RuntimeError: Cannot convert token
Describe the issue as clearly as possible:
This issue appear when using the newer models by Mistral AI, specifically I tried Nemo12B and Ministral-8B.
I don't really understand what's going on, but I would say that the issue is that the tokenizer needs to be specifically mistral for those models to work.
I know that these are new models and it can take time to implement them here, but I didn't see any similar issue and I wanted to at least bring attention to the issue.
Steps/code to reproduce the bug:
from vllm import LLM
from outlines import models, generate
model_name = "mistralai/Ministral-8B-Instruct-2410"
llm = LLM(model=model_name, tokenizer_mode="mistral", config_format="mistral", load_format="mistral")
model = models.VLLM(llm)
generator = generate.regex(model, r"[12345]")
prompt = "Reply with a number: "
outputs = generator(prompt)
print(outputs)
Expected result:
The output string from the model's generation
1
Error message:
---------------------------------------------------------------------------
RuntimeError Traceback (most recent call last)
Cell In[2], line 13
11 llm = LLM(model=model_name, tokenizer_mode="mistral", config_format="mistral", load_format="mistral")
12 model = models.VLLM(llm)
---> 13 generator = generate.regex(model, r"[12345]")
15 prompt = "Reply with a number: "
16 outputs = generator(prompt)
File ~/miniconda3/envs/farmabot/lib/python3.10/functools.py:889, in singledispatch.<locals>.wrapper(*args, **kw)
885 if not args:
886 raise TypeError(f'{funcname} requires at least '
887 '1 positional argument')
--> 889 return dispatch(args[0].__class__)(*args, **kw)
File ~/miniconda3/envs/farmabot/lib/python3.10/site-packages/outlines/generate/regex.py:73, in regex_vllm(model, regex_str, sampler)
65 @regex.register(VLLM)
66 def regex_vllm(
67 model: VLLM,
68 regex_str: str,
69 sampler: Sampler = multinomial(),
70 ):
71 from outlines.integrations.vllm import RegexLogitsProcessor
---> 73 logits_processor = RegexLogitsProcessor(regex_str, model.model)

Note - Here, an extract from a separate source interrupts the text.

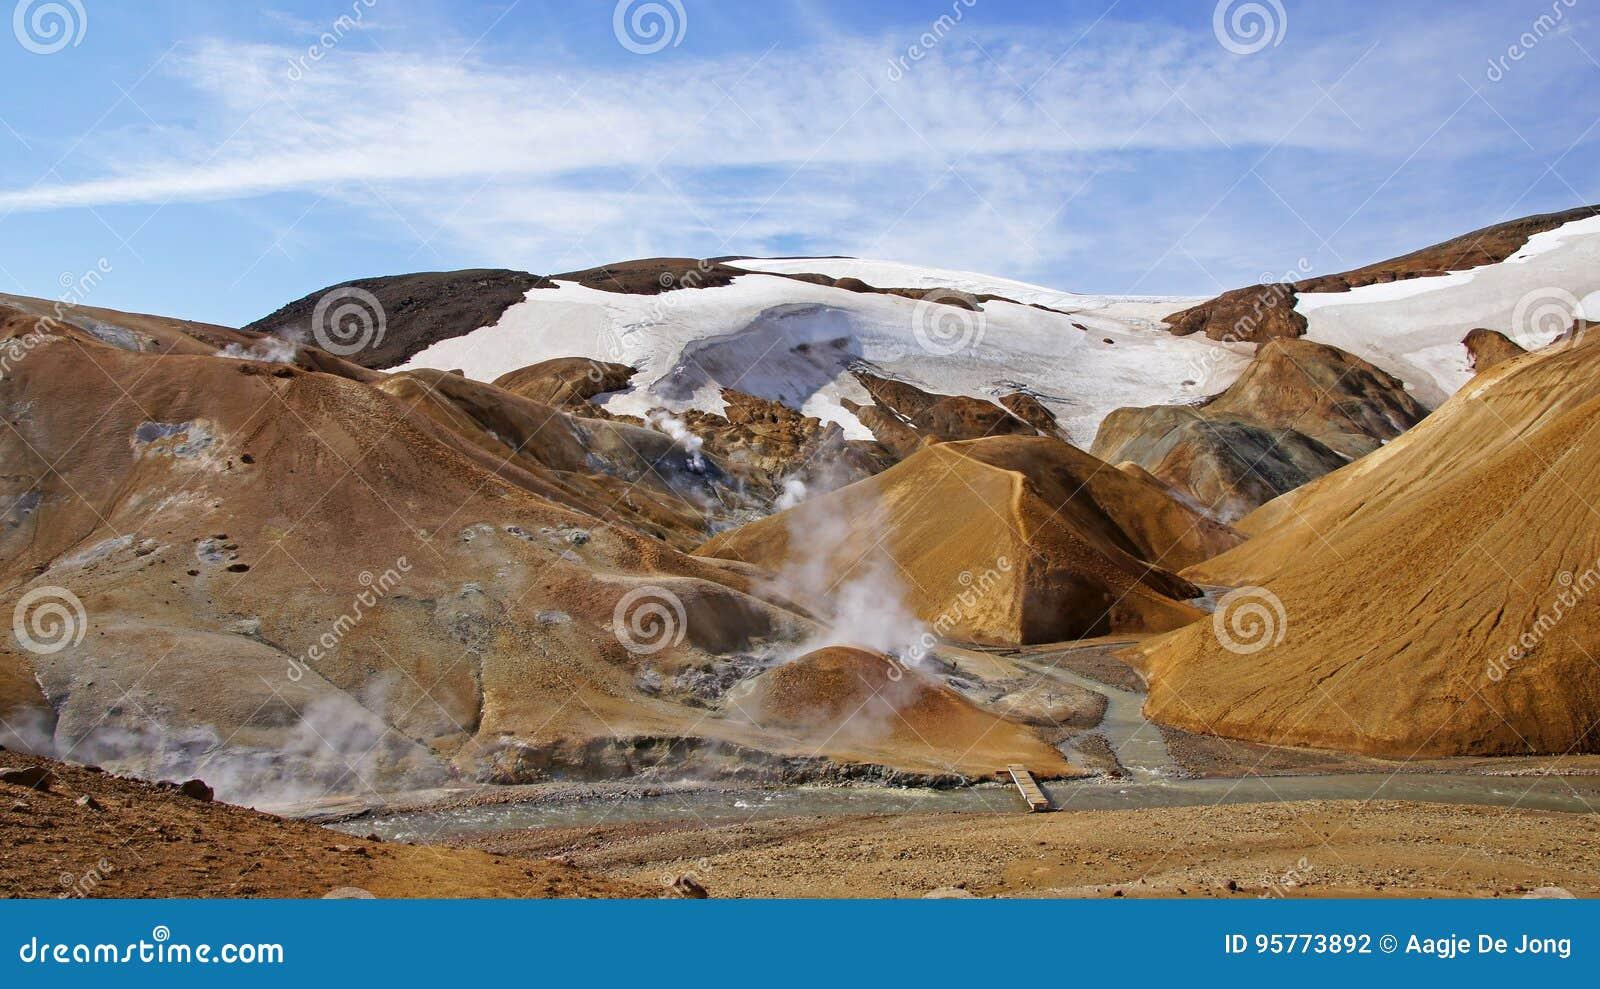 Kerlingarfjoll rhyoliet mountain in centre of Iceland

74 return SequenceGeneratorAdapter(model, logits_processor, sampler)
File ~/miniconda3/envs/farmabot/lib/python3.10/site-packages/outlines/integrations/vllm.py:82, in RegexLogitsProcessor.__init__(self, regex_string, llm)
80 tokenizer = adapt_tokenizer(tokenizer=tokenizer)
81 self.mask_cache: Dict[int, torch.Tensor] = {}
---> 82 self.fsm = RegexGuide(regex_string, tokenizer)
83 self._fsm_state: DefaultDict[int, int] = defaultdict(int)
File ~/miniconda3/envs/farmabot/lib/python3.10/site-packages/outlines/fsm/guide.py:145, in RegexGuide.__init__(self, regex_string, tokenizer)
140 def __init__(self, regex_string: str, tokenizer):
141 (
142 self.states_to_token_maps,
143 self.empty_token_ids,
144 fsm_finals,
--> 145 ) = create_states_mapping(regex_string, tokenizer)
146 self.eos_token_id = tokenizer.eos_token_id
147 self.final_states = fsm_finals | {-1}
File ~/miniconda3/envs/farmabot/lib/python3.10/site-packages/outlines/caching.py:122, in cache.<locals>.decorator.<locals>.wrapper(*args, **kwargs)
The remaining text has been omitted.